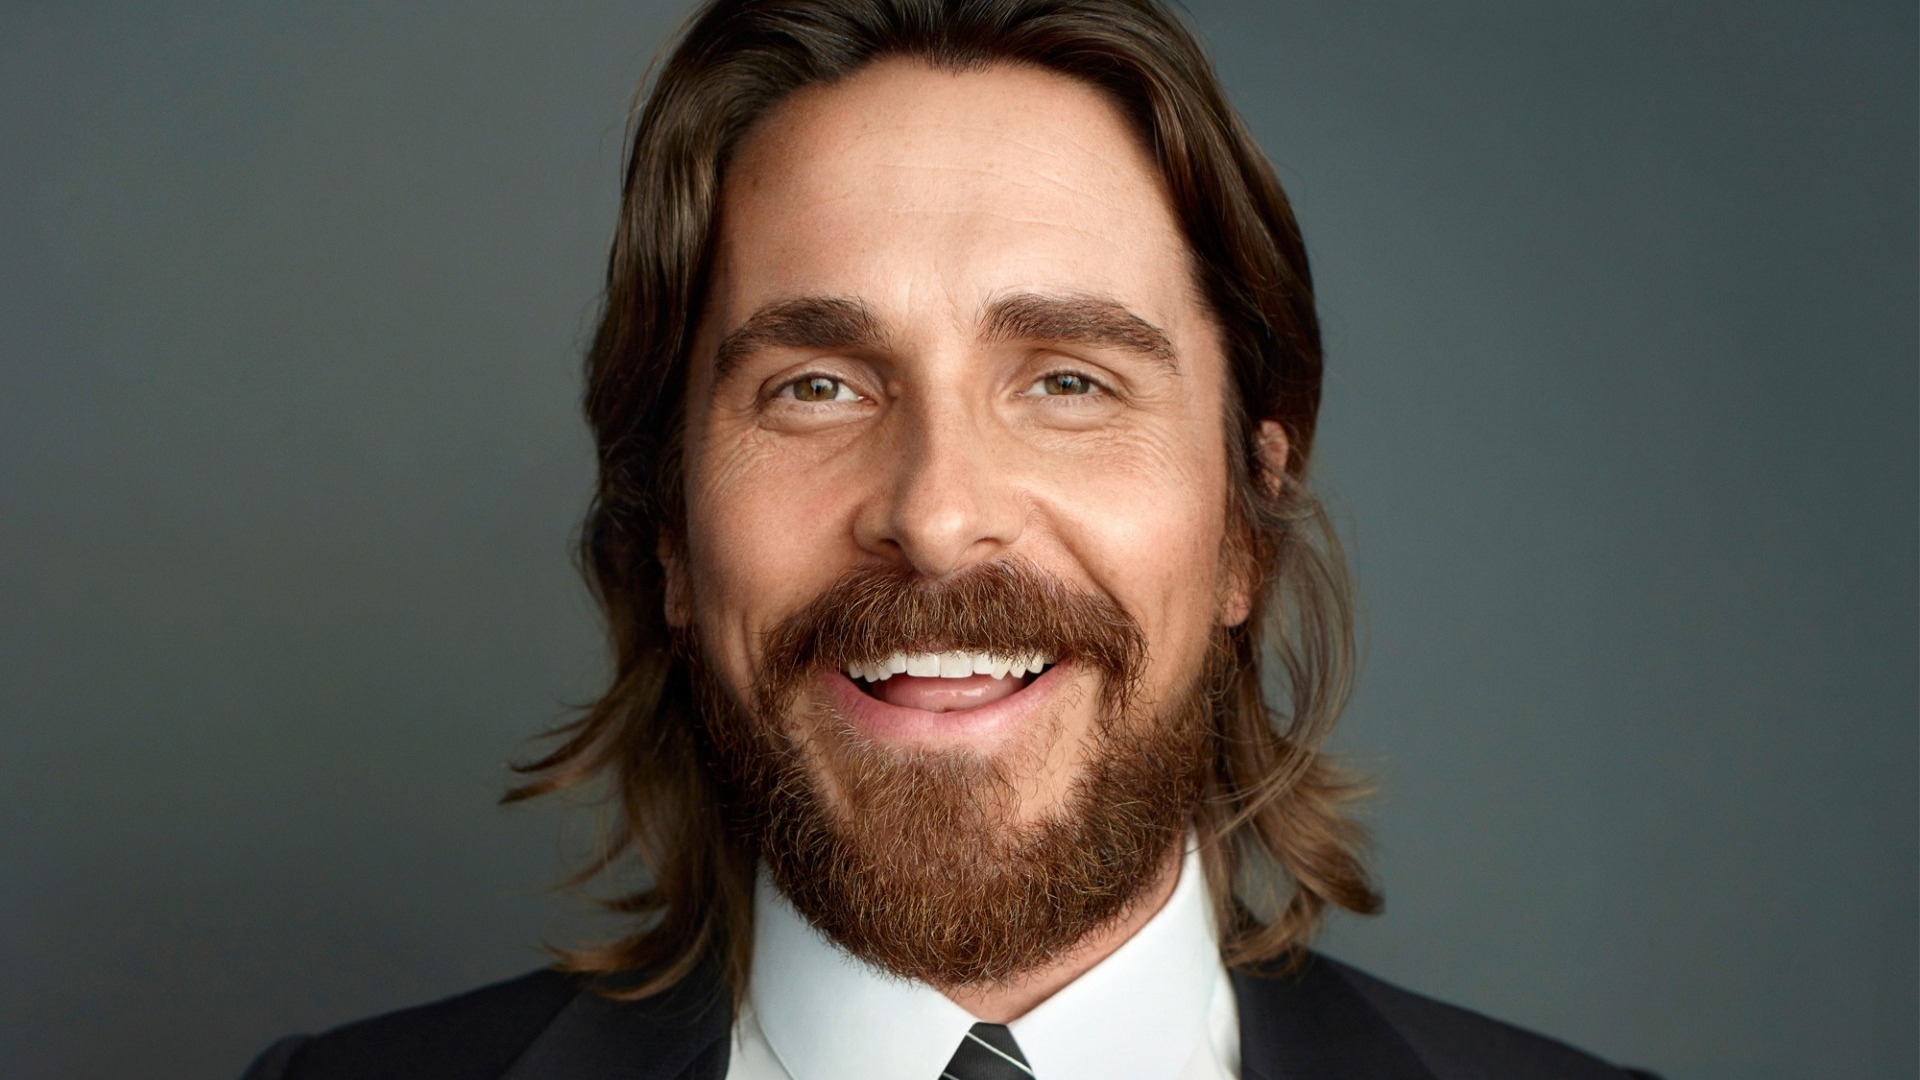 Christian Bale in Suit for 1920 x 1080 HDTV 1080p resolution
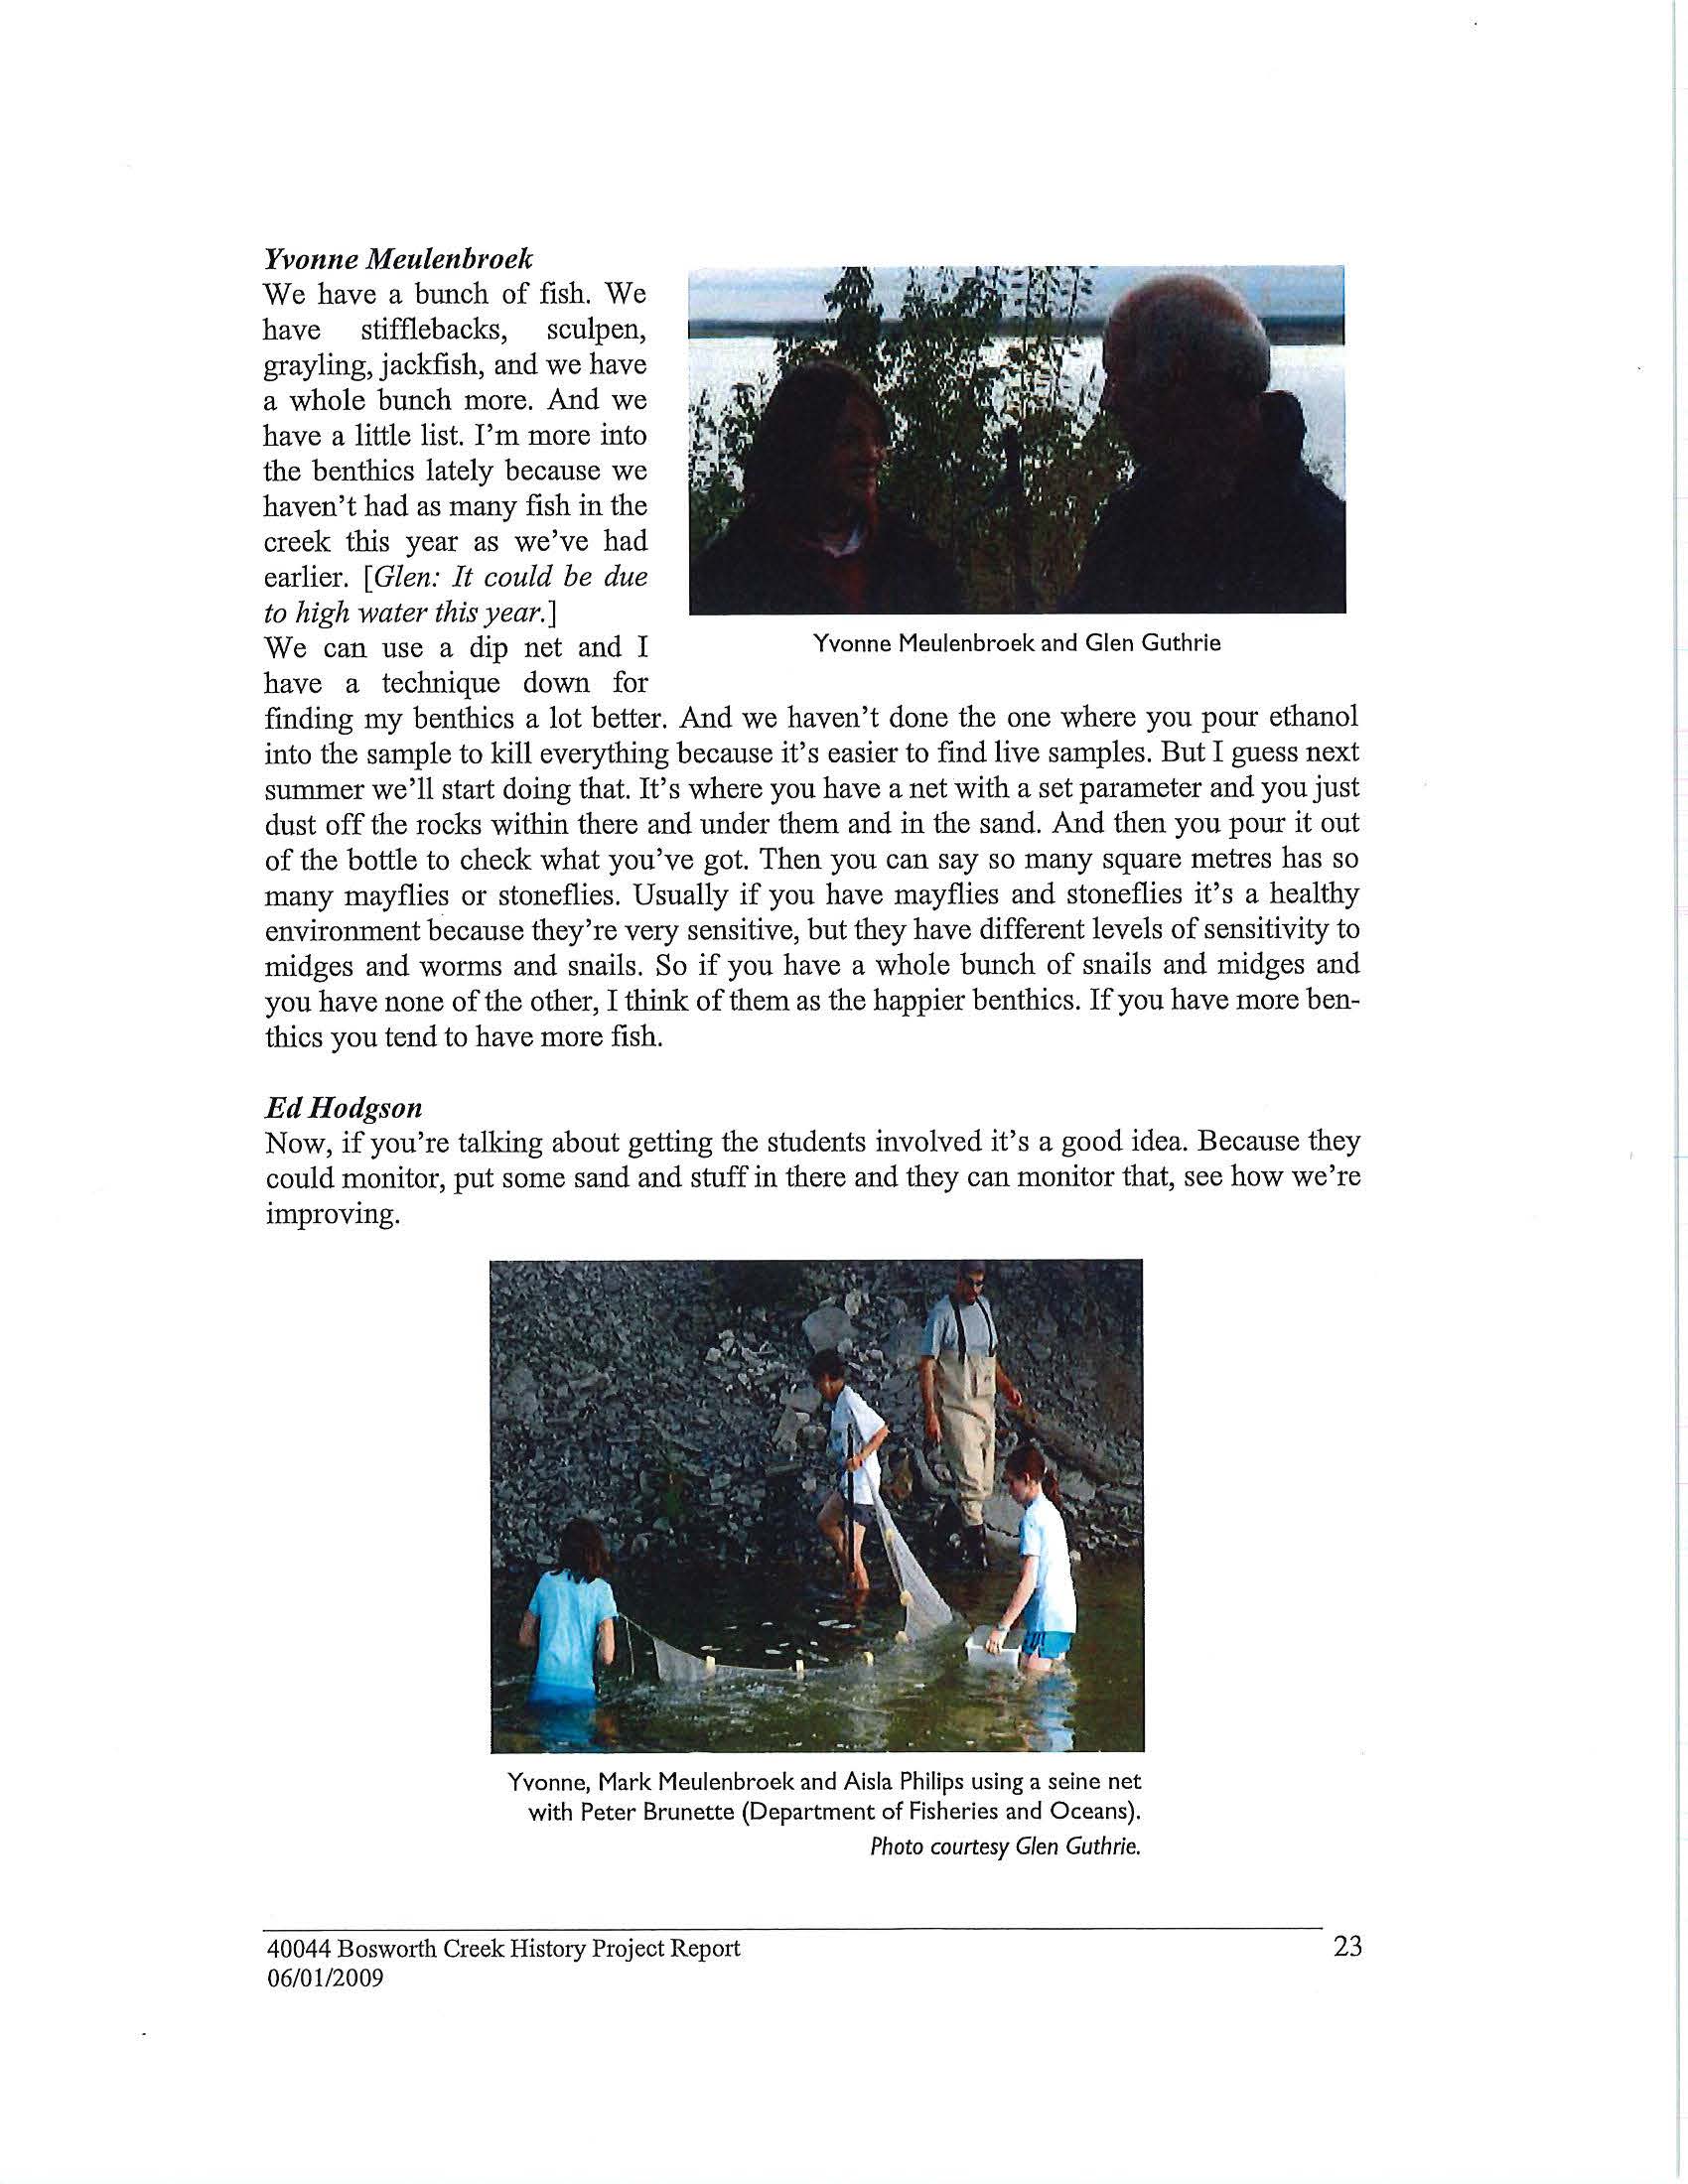 Bosworth Creek History Project Page 28
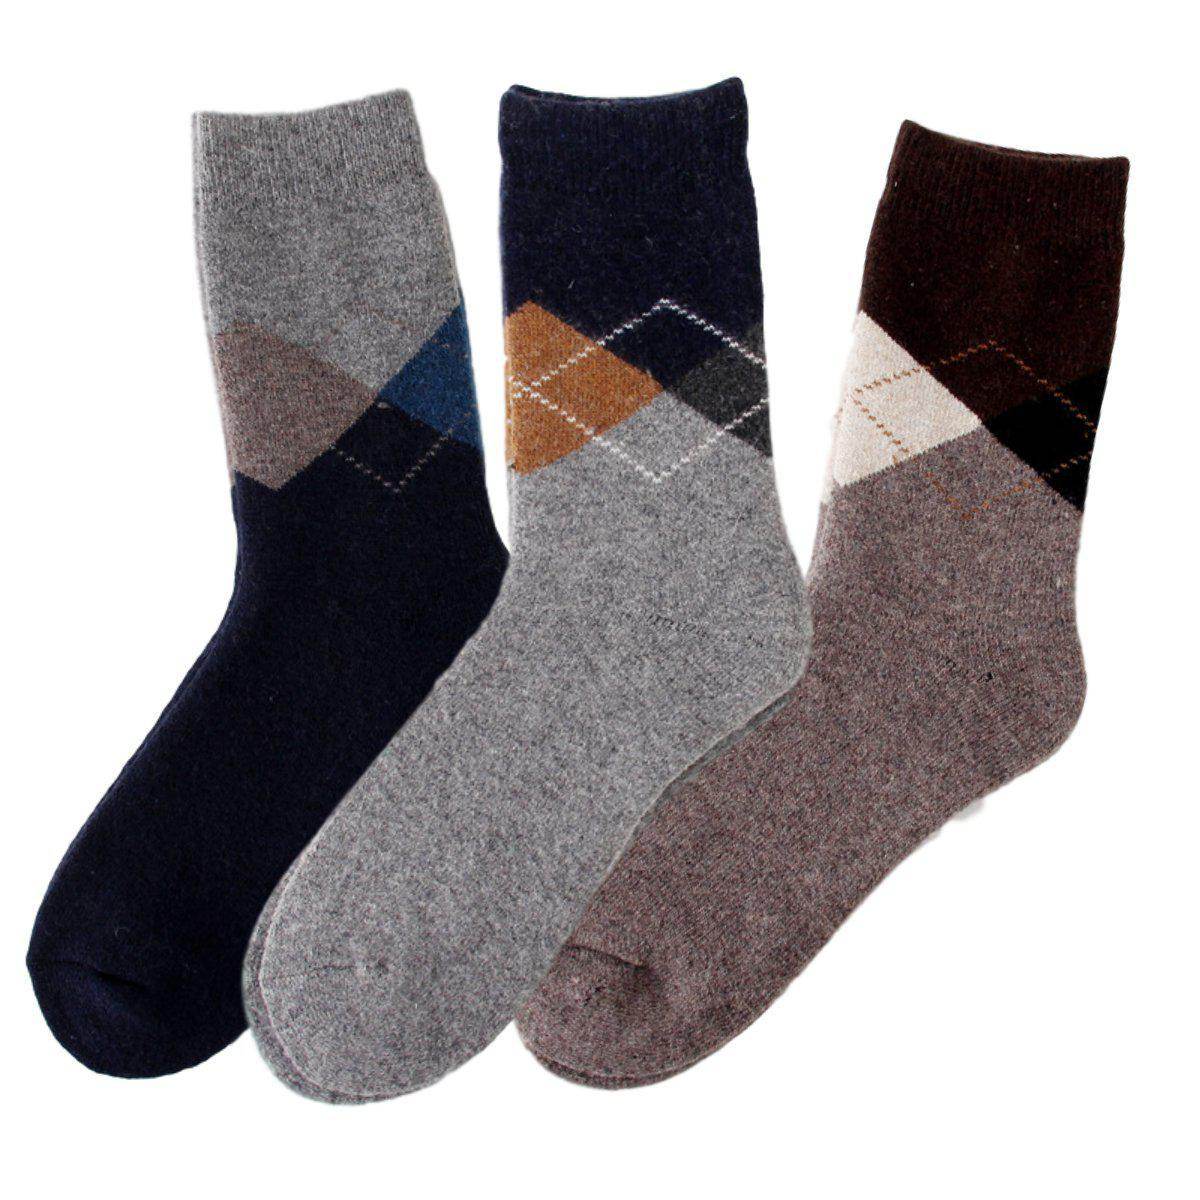 ARGYLE EXTRA THICK AND WARM MEN'S WOOL SOCKS - Best Compression Socks Sale

● **Problem description**
Locate the line containing "Bosworth Creek History Project Page 28" in the material above, then repeat it and every later line exactly, with no pictures.

● **Response to the task**
 Bosworth Creek History Project Page 28
 ARGYLE EXTRA THICK AND WARM MEN'S WOOL SOCKS - Best Compression Socks Sale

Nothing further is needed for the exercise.